▶ _Extracted records_:
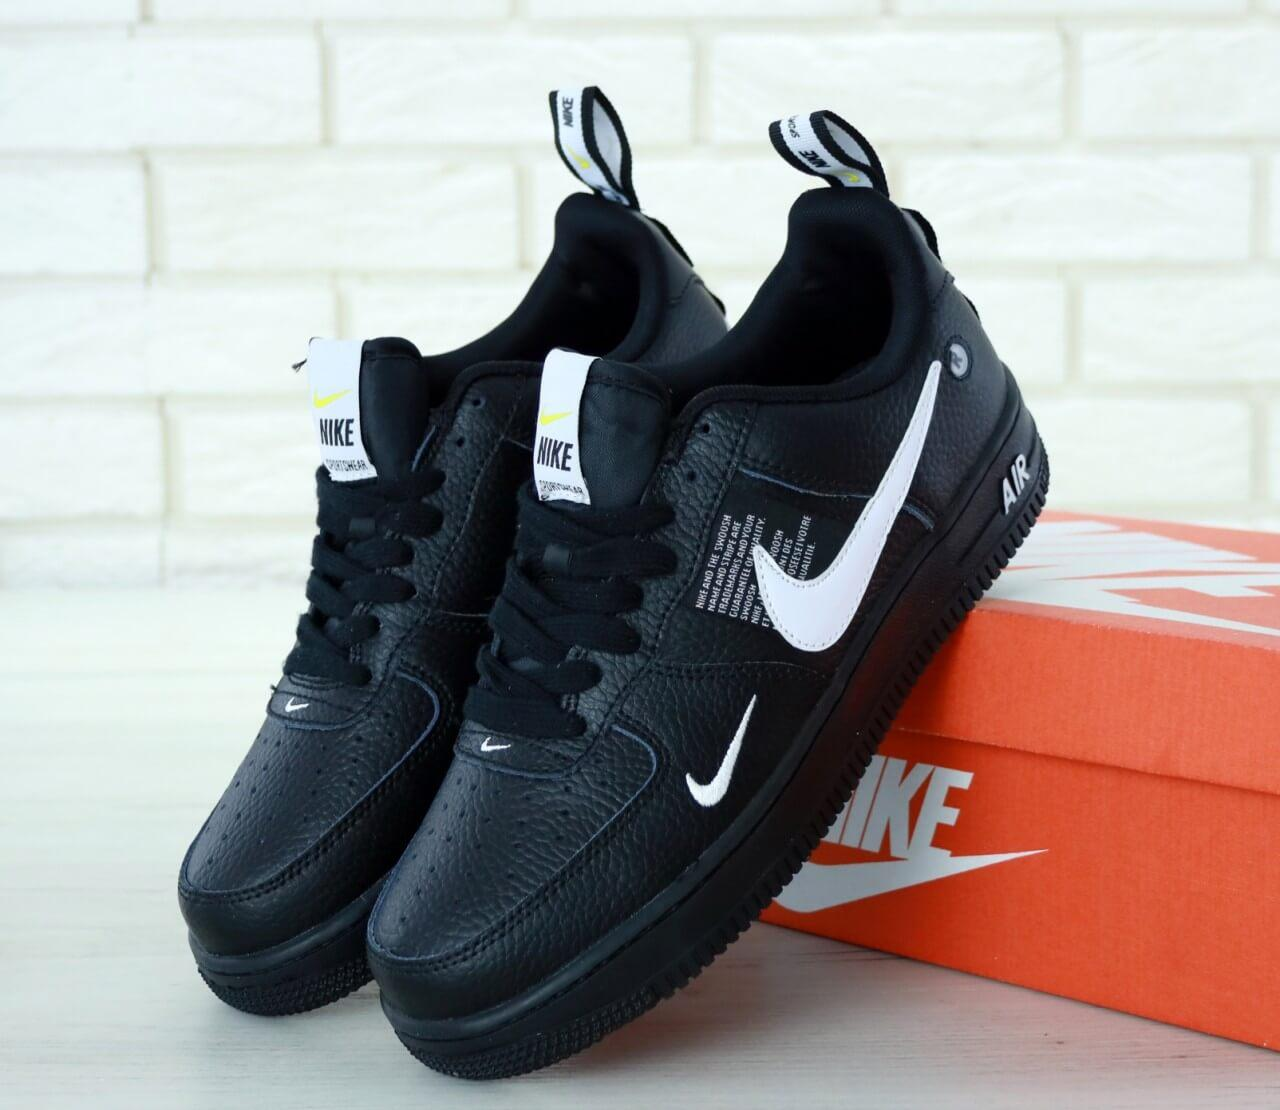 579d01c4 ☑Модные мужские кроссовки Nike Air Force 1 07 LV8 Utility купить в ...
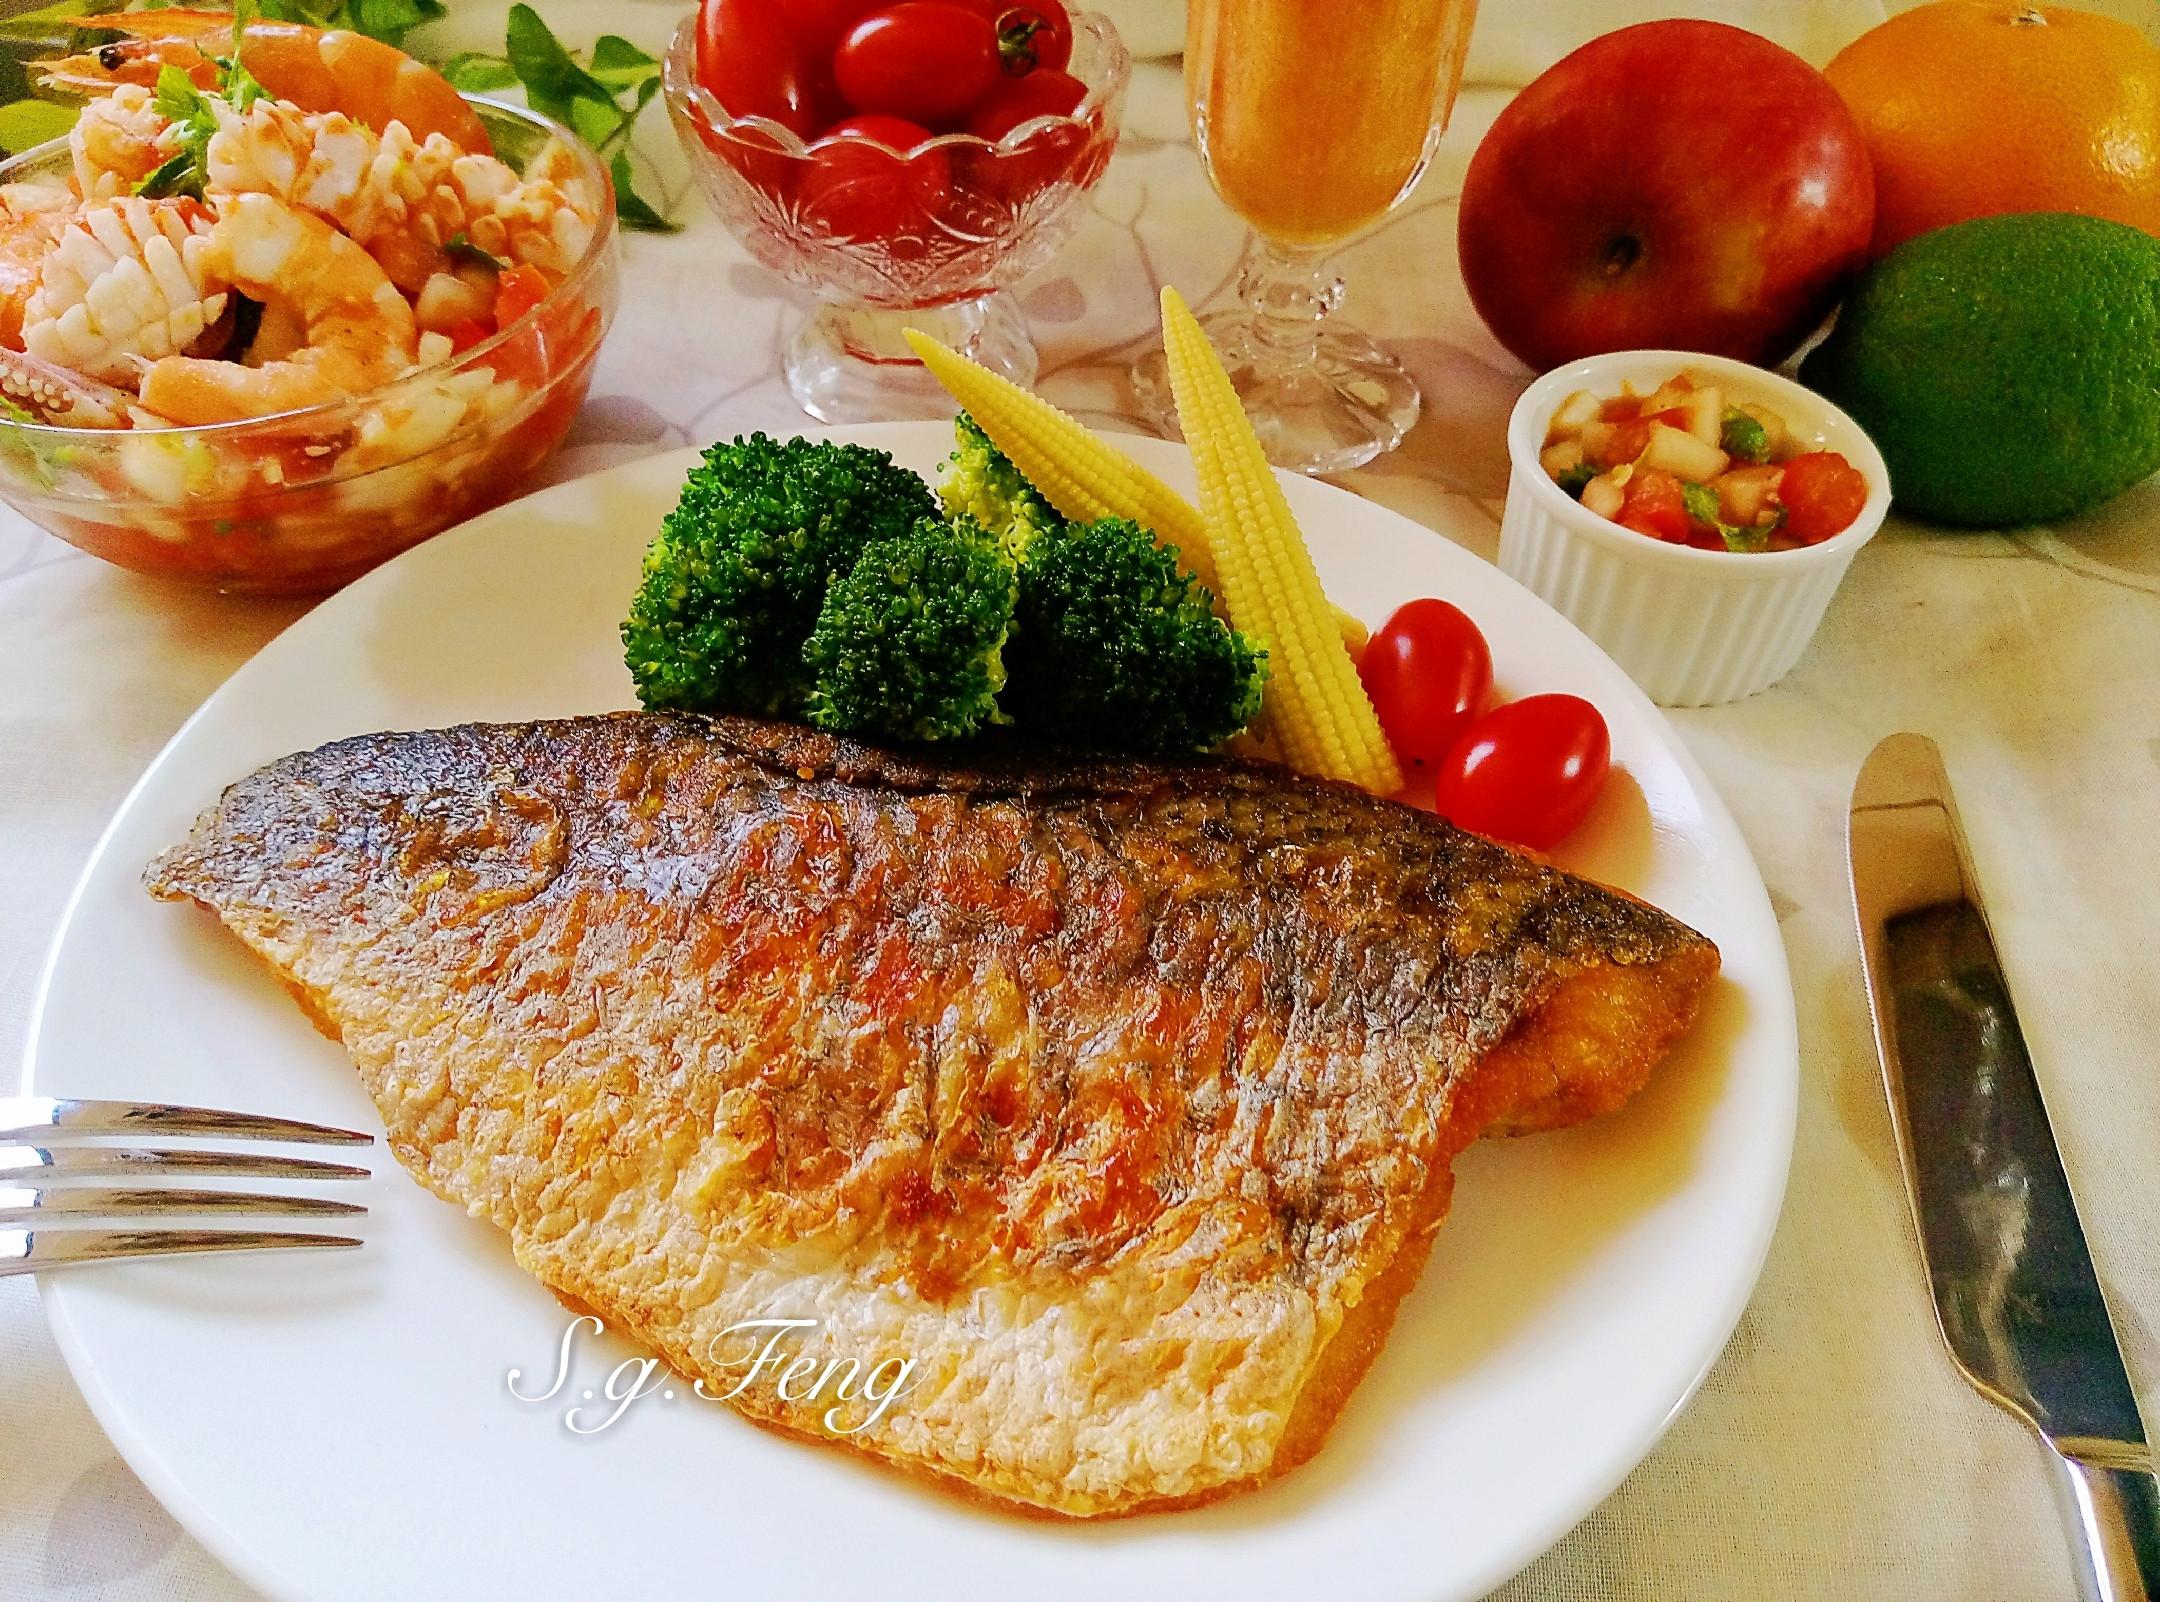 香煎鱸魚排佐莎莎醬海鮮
...
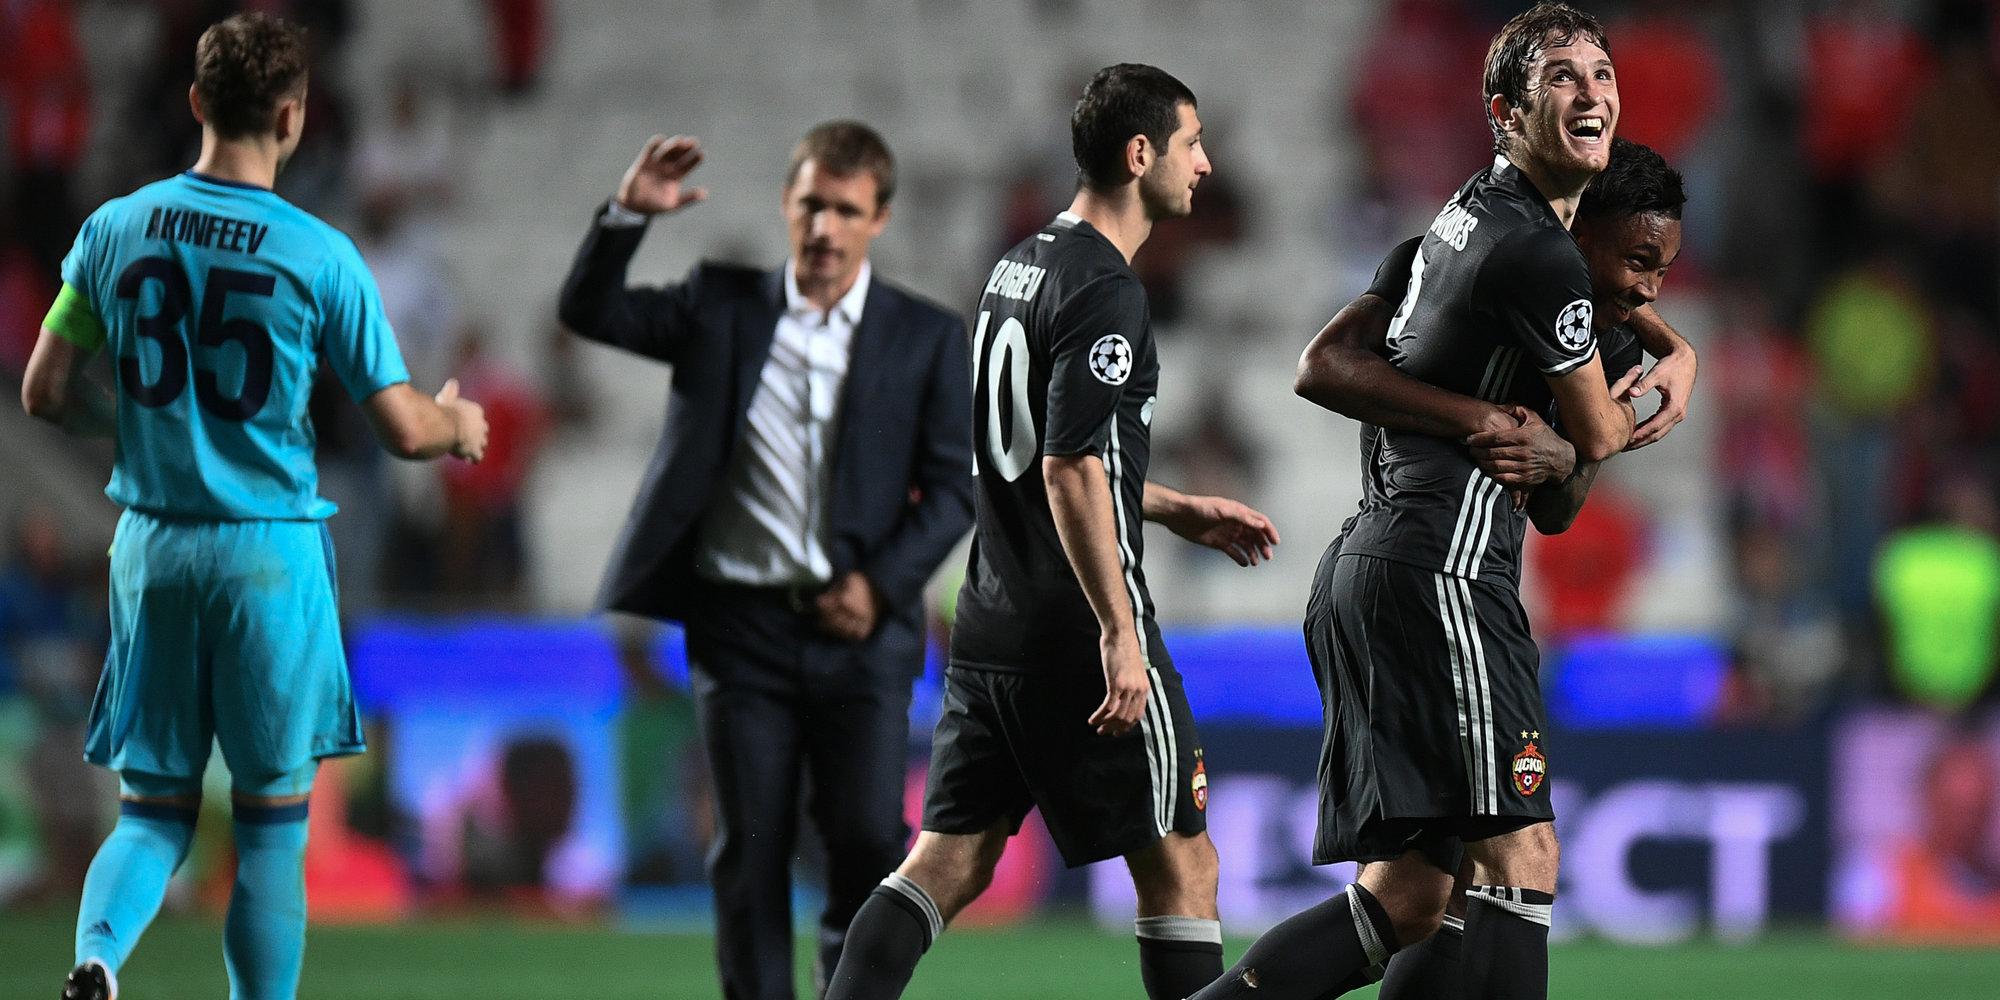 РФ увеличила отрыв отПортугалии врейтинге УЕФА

▶ _Instructions to follow_: Pictures aside, print exactly the lines above starting with the one containing "579d01c4 ☑Модные мужские" and going on through the one containing "香煎鱸魚排佐莎莎醬海鮮".

▶ _Answer to this task_:
 579d01c4 ☑Модные мужские кроссовки Nike Air Force 1 07 LV8 Utility купить в ...
 香煎鱸魚排佐莎莎醬海鮮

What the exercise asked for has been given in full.